- _Exercise directions_: Your answer must be the full listing below, repeated exactly, with no pictures in it.

- _Provided material_:
%%

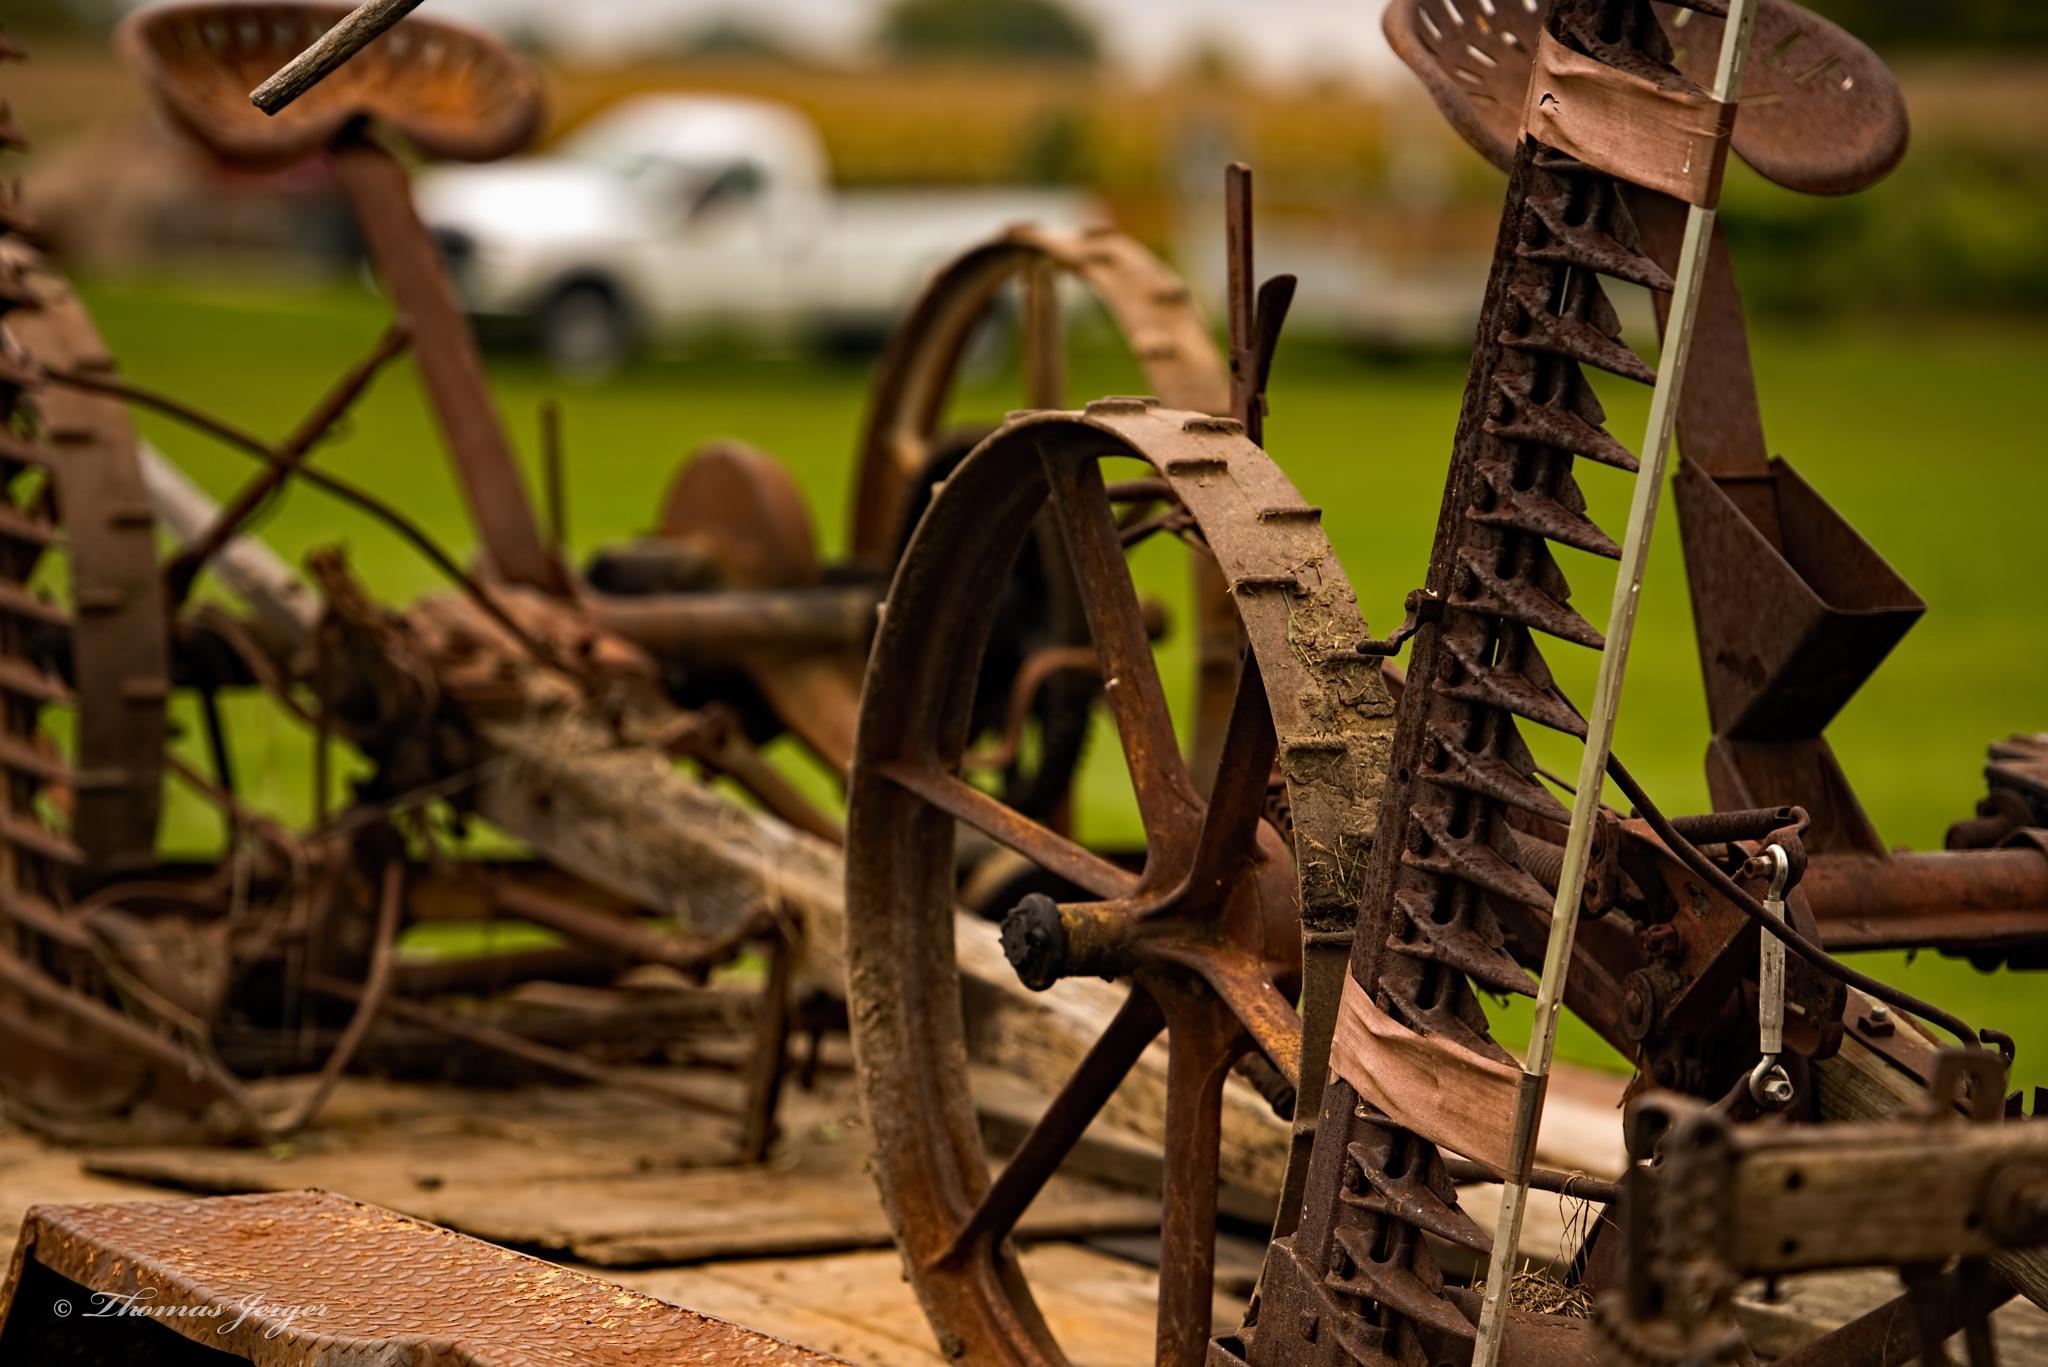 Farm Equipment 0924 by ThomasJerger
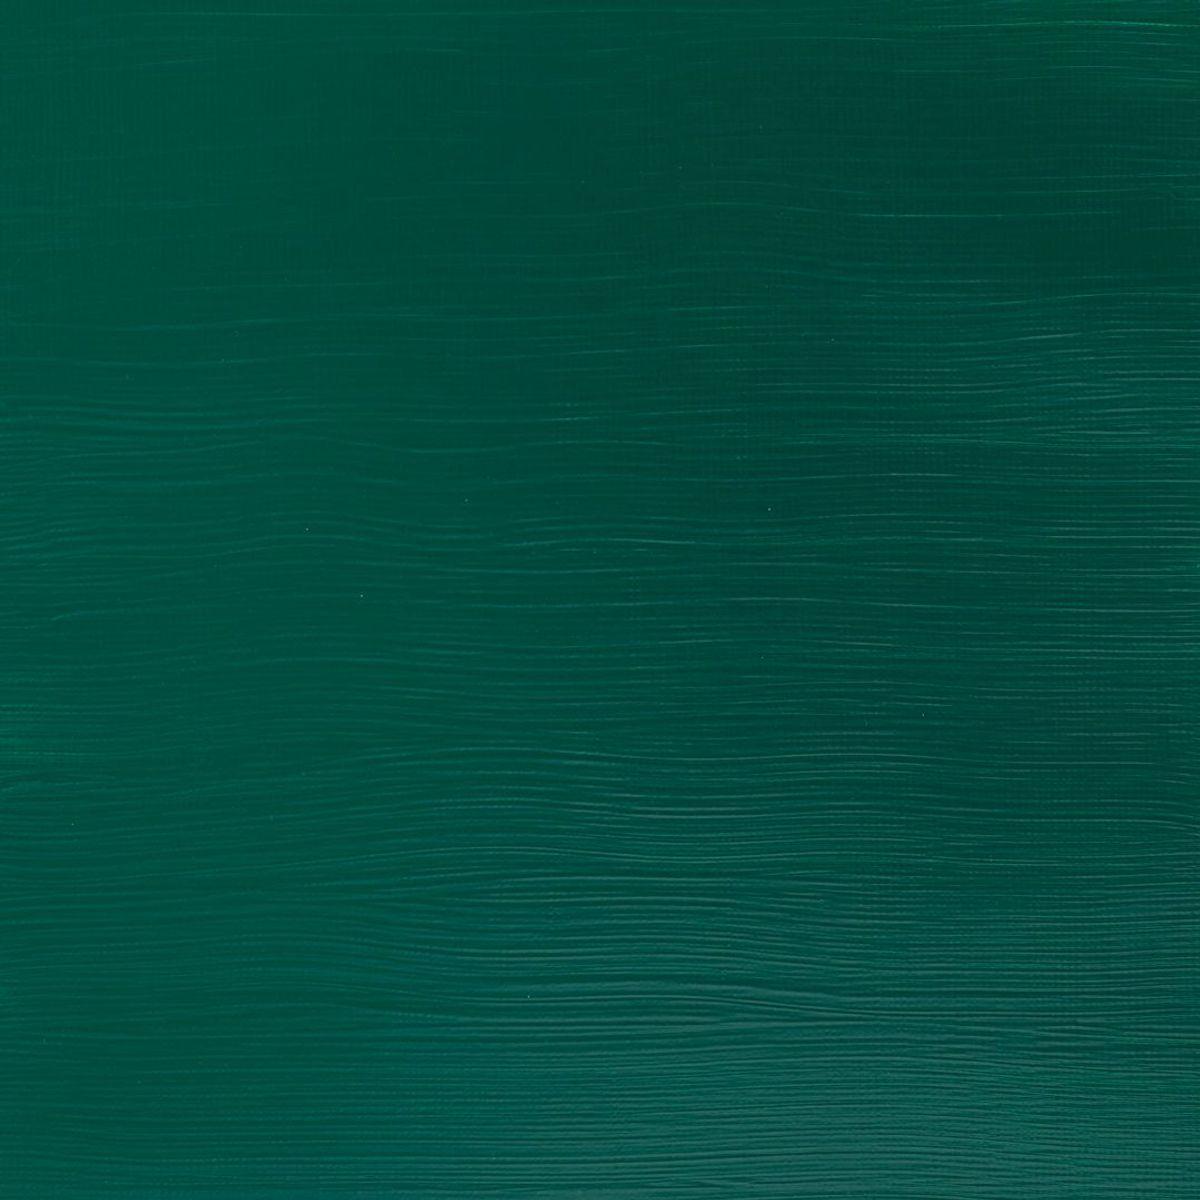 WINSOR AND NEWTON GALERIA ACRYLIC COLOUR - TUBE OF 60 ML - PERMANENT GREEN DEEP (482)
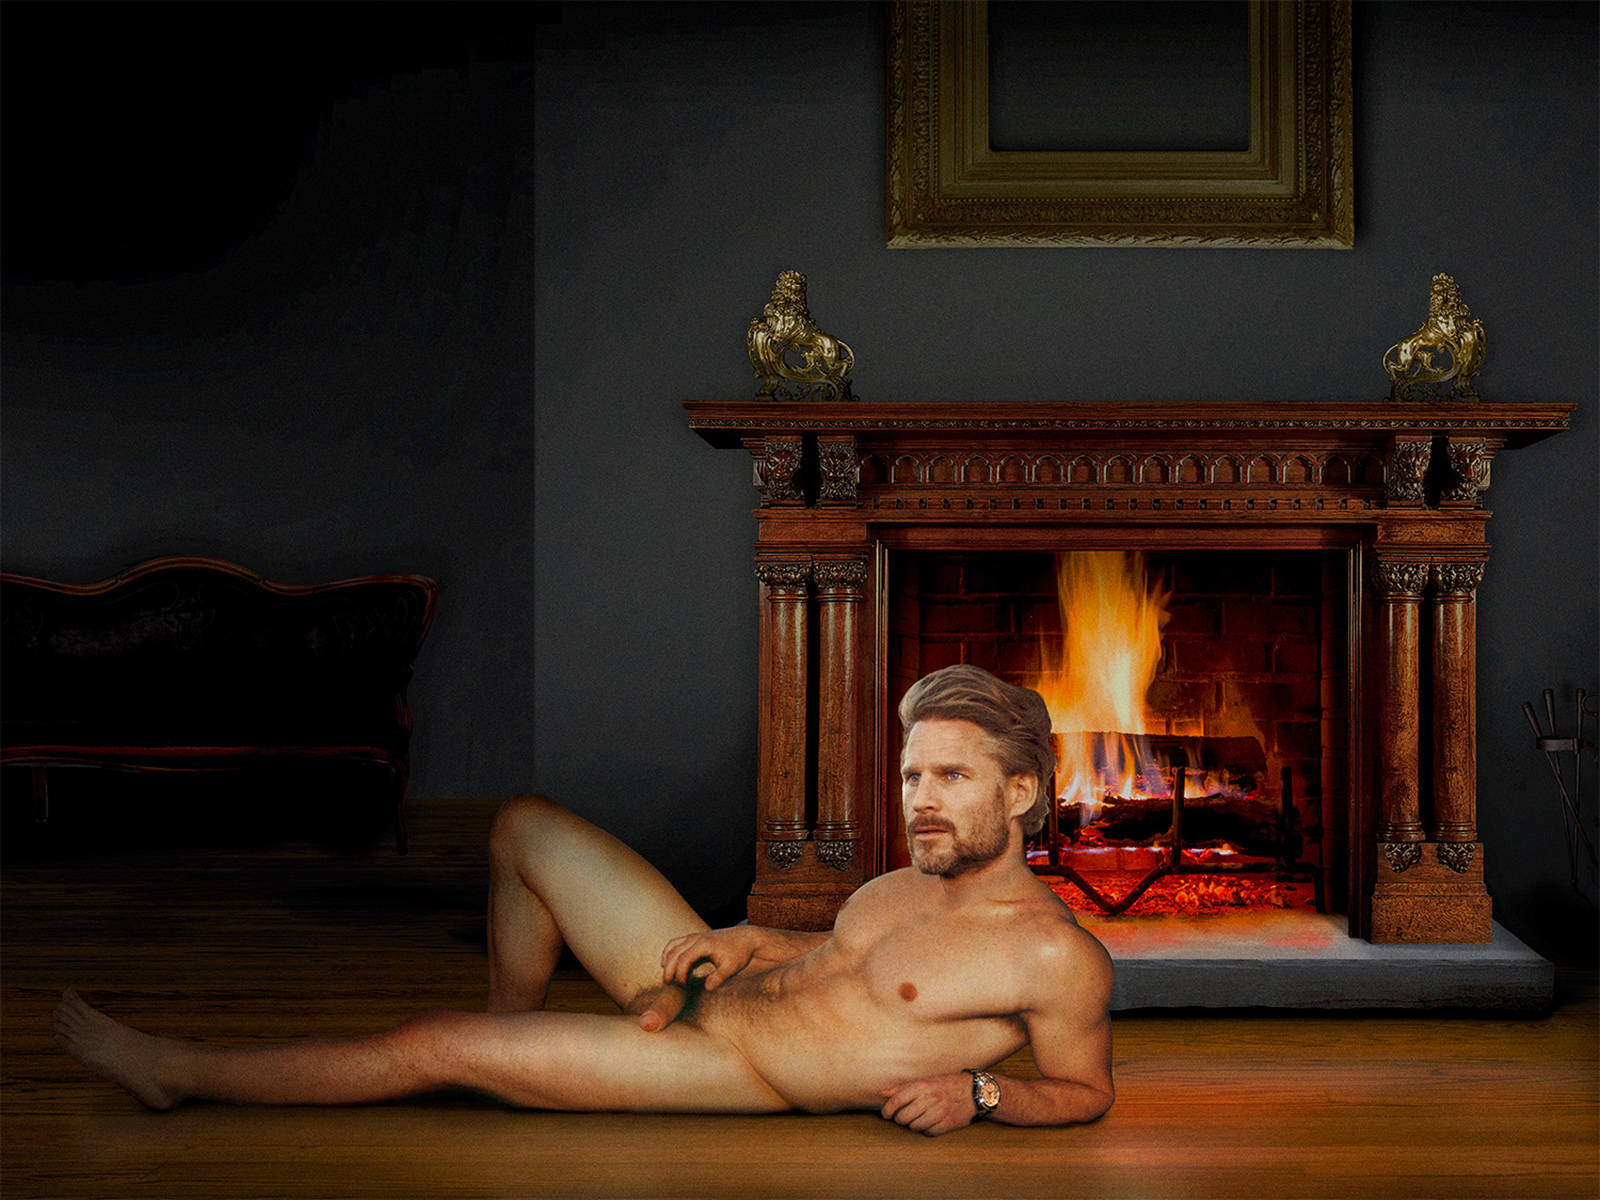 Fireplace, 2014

%%

- _Exercise response_:
 Farm Equipment 0924 by ThomasJerger
 WINSOR AND NEWTON GALERIA ACRYLIC COLOUR - TUBE OF 60 ML - PERMANENT GREEN DEEP (482)
 Fireplace, 2014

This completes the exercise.